A vibrant dish featuring chicken, pineapple, coconut milk, and spices cooked all in one pan.
# What You’ll Need:
→ Protein & Produce
01 - 1.5 lbs boneless, skinless chicken thighs, cut into bite-sized pieces
02 - 1 medium onion, finely chopped
03 - 2 cloves garlic, minced
04 - 1 tablespoon fresh ginger, grated
05 - 1 red bell pepper, sliced
06 - 1 cup fresh pineapple, cut into chunks
07 - 2 tablespoons vegetable oil
→ Liquids & Canned Goods
08 - 1 can (14 fl oz) full fat coconut milk
09 - 1/2 cup chicken broth
10 - 2 tablespoons soy sauce or tamari for gluten-free
11 - 1 tablespoon fish sauce, optional
12 - Juice of 1 lime
→ Spices & Seasonings
13 - 2 tablespoons curry powder
14 - 1 teaspoon ground turmeric
15 - 1/2 teaspoon chili flakes or to taste
16 - Salt and pepper to taste
17 - Fresh cilantro for garnish
# Directions:
01 - Heat vegetable oil in a large deep skillet over medium-high heat.
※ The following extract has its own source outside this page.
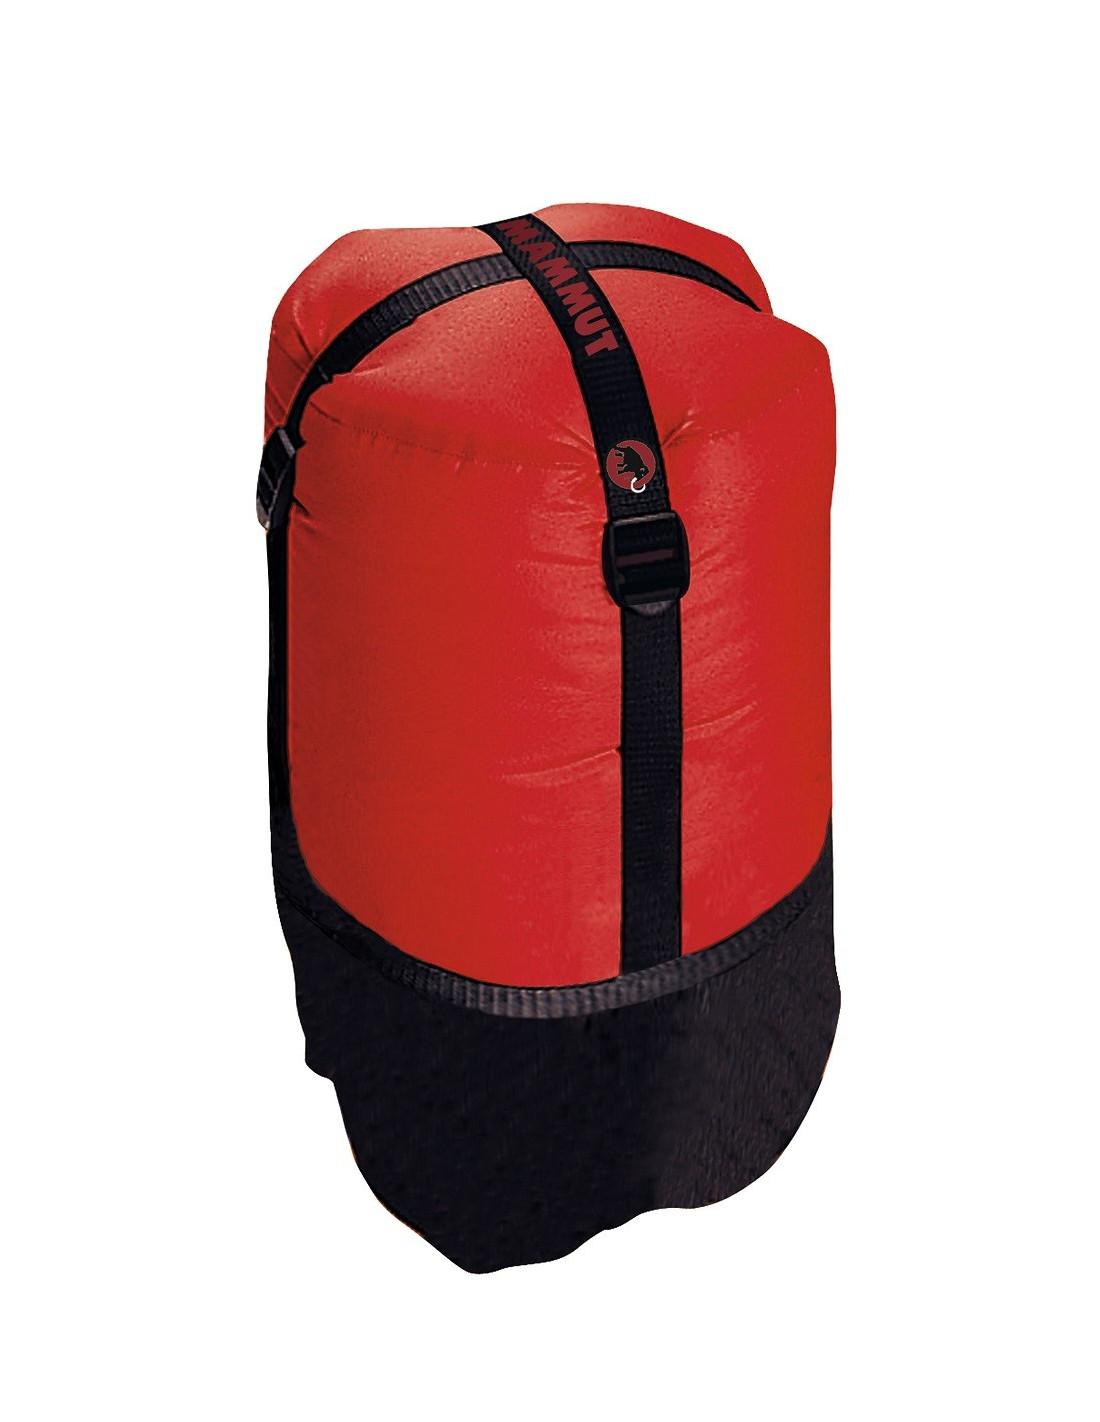 Mammut Packsack Compression Sack - XS Zubehör Schlafsäcke - Packsack,

Add chicken pieces and brown on all sides for 4-5 minutes. Transfer chicken to a plate.
02 - In the same pan, add chopped onion and bell pepper slices. Sauté for 3-4 minutes until vegetables begin to soften.
03 - Add minced garlic and grated ginger to the pan. Cook for 1 minute until fragrant. Sprinkle curry powder, turmeric, and chili flakes into the pan. Stir continuously for 30 seconds to bloom the spices.
04 - Return the browned chicken to the pan. Add pineapple chunks and mix thoroughly to incorporate all ingredients.
05 - Pour coconut milk, chicken broth, soy sauce, and fish sauce if using into the pan. Stir well to combine. Bring to a gentle simmer, cover the pan, and cook for 15-18 minutes, stirring occasionally, until chicken is fully cooked and sauce thickens.
06 - Stir in lime juice and adjust seasoning with salt and pepper to taste. Serve hot, garnished with fresh cilantro.